[comp.protocols.nfs] RARP failure on subnets?

milne@ICS.UCI.EDU (Alastair Milne) (04/13/91)

   This is something we found a long time ago with PC-NFS 3.0.1 .
   I have in fact described it a couple of times on the net already,
   in answer to other posts, but it never occurred to me to see if
   Geoff could say something about it.

   We have a net of about 10 PC's, all on a thinnet connected to a
   Sun 3 or 4 in the next building over.  This thinnet is a subnet,
   and the Sun of course is the gateway to the backbone of the department's
   net.  When we originally installed (Geoff, telnet is scarcely letting
   me get 20 characters typed -- sometimes hardly 5 -- without freezing in its
   tracks for several seconds) we wanted to use RARP.  Very attractive,
   after all -- don't even need a simple hosts table on the individual PC.

   But it kept failing.  The boot would often hang at the net start, and
   nothing would happen.  Our network administrator did some investigating,
   and determined that the broadcast packet RARP was sending was asking not
   "are you a YP server?" but "who is your YP server?".  Whatever it was told
   it would try to assign as the YP server for the booting PC.

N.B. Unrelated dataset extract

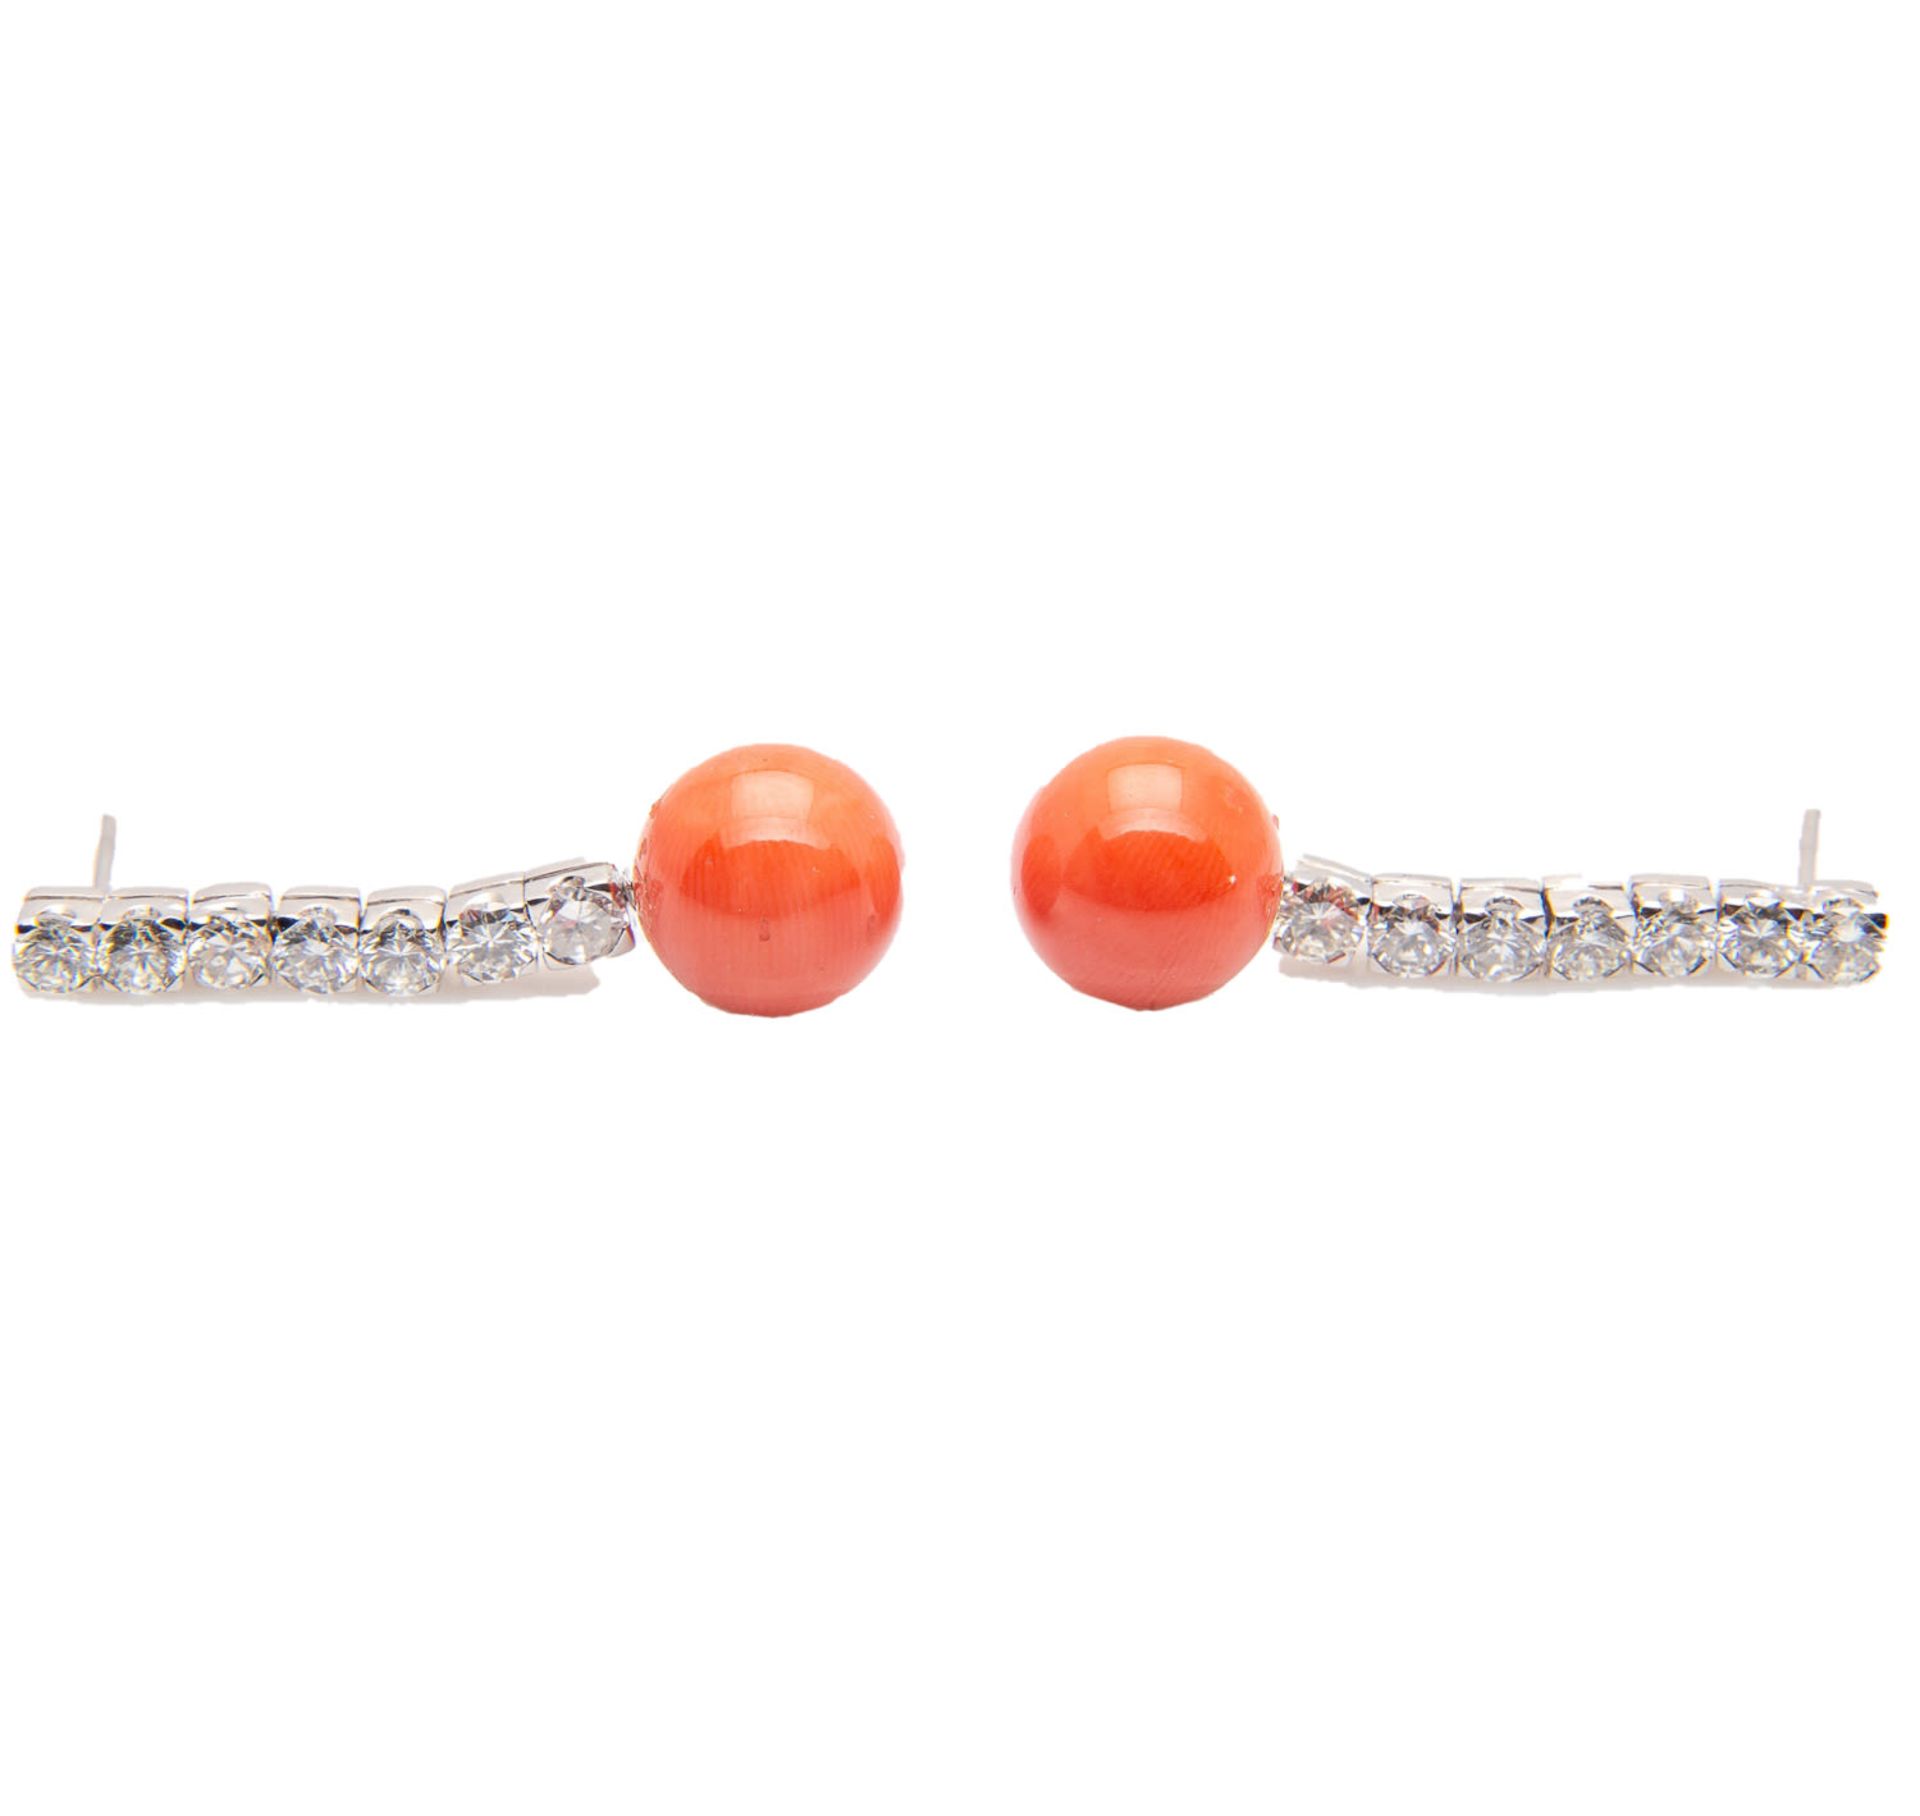 Elegant pair of teardrop earrings in red coral and diamonds of 1.50 ct in total - Image 9 of 9

   Now, there were then a couple of Suns that could provide YP service within
   the subnet, but many more that could not.  But RARP didn't seem to be
   telling the difference.  So it often gave the client PC a YP server the PC
   couldn't use.

   After we stopped using RARP, these problems disappeared; instead, the PC
   makes it through that phase with a minimal 'host' table, then turns on YP
   and grabs a server.  Not bad, but I still wouldn't mind having a fully
   working RARP.  Among other things, our site had at least 2 changes of
   IP addresses, and if our network services hadn't told me about them,
   I need never have known.  RARP made them that smooth.


   So my question to Geoff: a) is our diagnosis correct?  Is this how RARP is
   working?  and b) are its problems being fixed?  I suspect the latter is
   rather slow, because I've just seen a user's reaction to PC-NFS 3.5 on the
   net, and it appears RARP is still not working properly.

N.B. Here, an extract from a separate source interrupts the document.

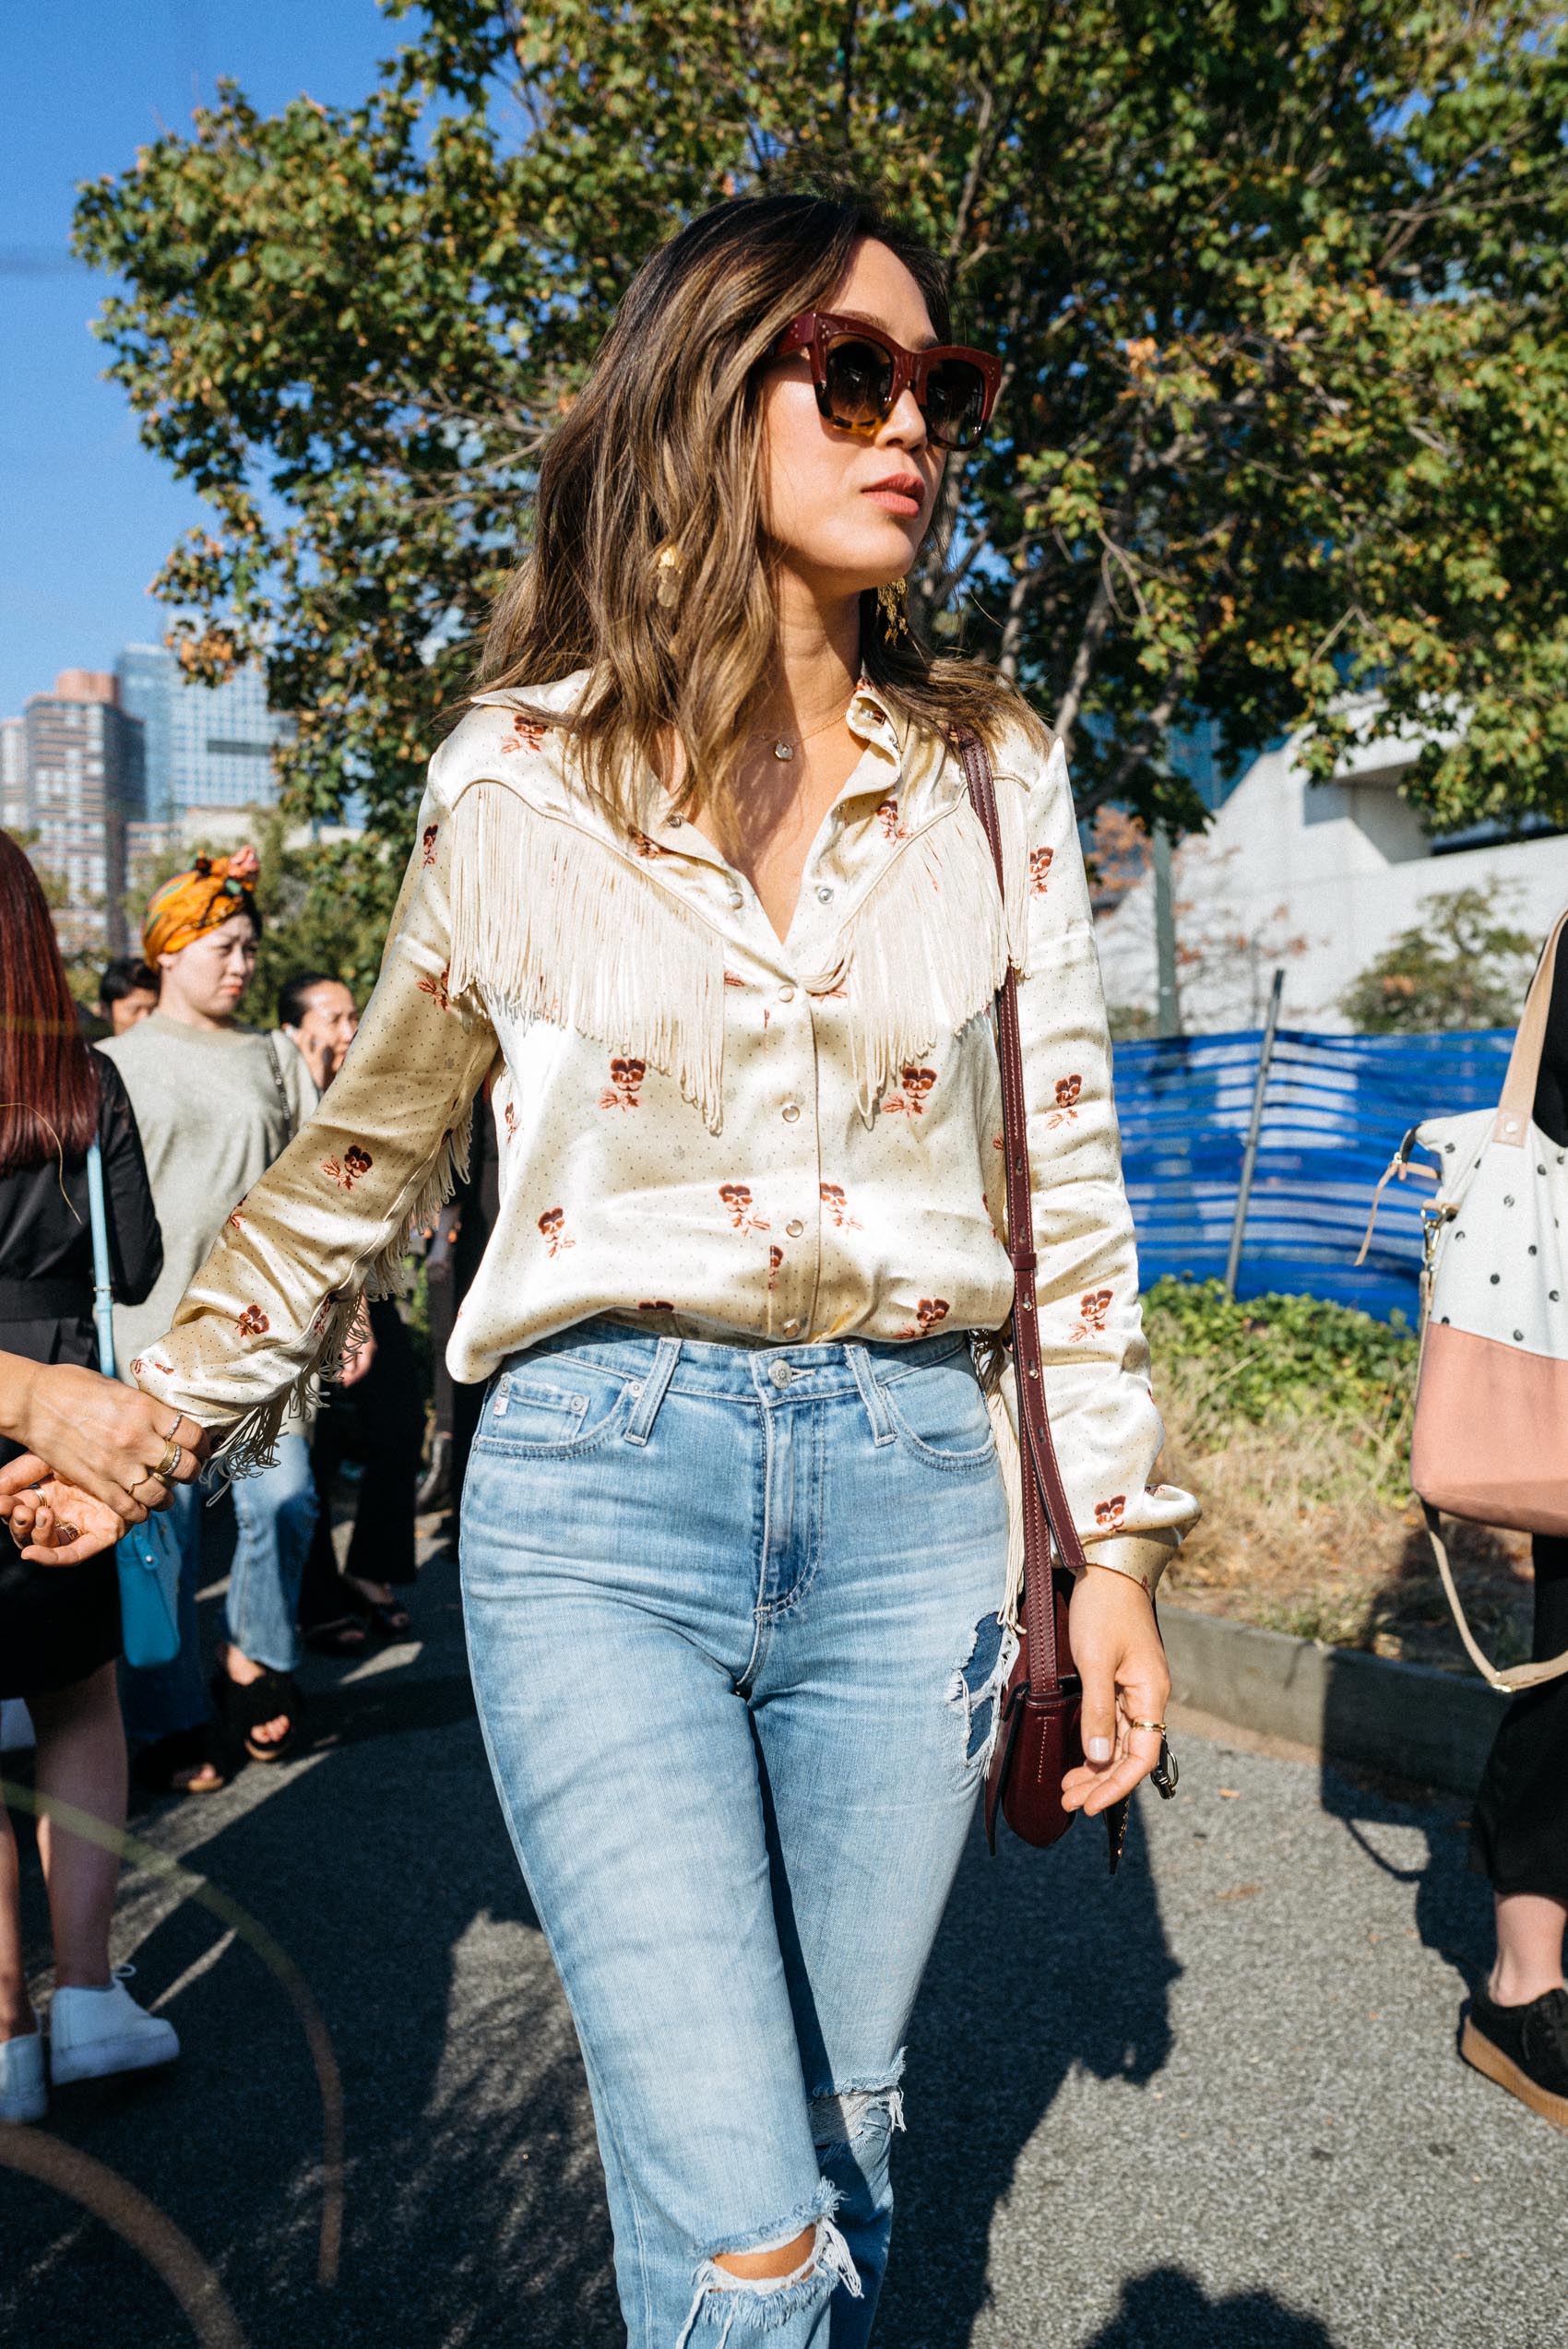 Blogger Aimee Song at New York Fashion Week

   Thanks for whatever you can tell me.

   Alastair Milne,
   Educational Technology Center,
   UC Irvine

gah@hood.hood.caltech.edu (Glen Herrmannsfeldt) (04/14/91)

About RARP and subnets....

First, you have to run a separate rarpd for each ethernet interface.
This is obvious.

The second parameter to rarpd is the address, or name that translates
to the address, of the interface.  This is the address that rarpd
uses as the from address in its reply packets.

Some machines do not care where the reply packets come from.

We recently bought some Sun SLC's, and added them to a subnet that
had a diskless 4/110.  I could not get the SLC's to net boot.

A little etherfind would show that they would ignore the replies
from bootparamd.  It turned out that they came from what it thought
was the wrong address.  It expected the reply to come from the same
machine that it got its rarp reply from.  It did, but the rarp return
address was wrong, so it didn't believe it.

Anyway, check that address.  Some machines may ignore it, so you won't
notice anything wrong.  Some may not, and you won't know why.

I hope this helps someone.  It took me a while to track down, including
calls to sun.  They had no idea, even though I sent etherfind -x output.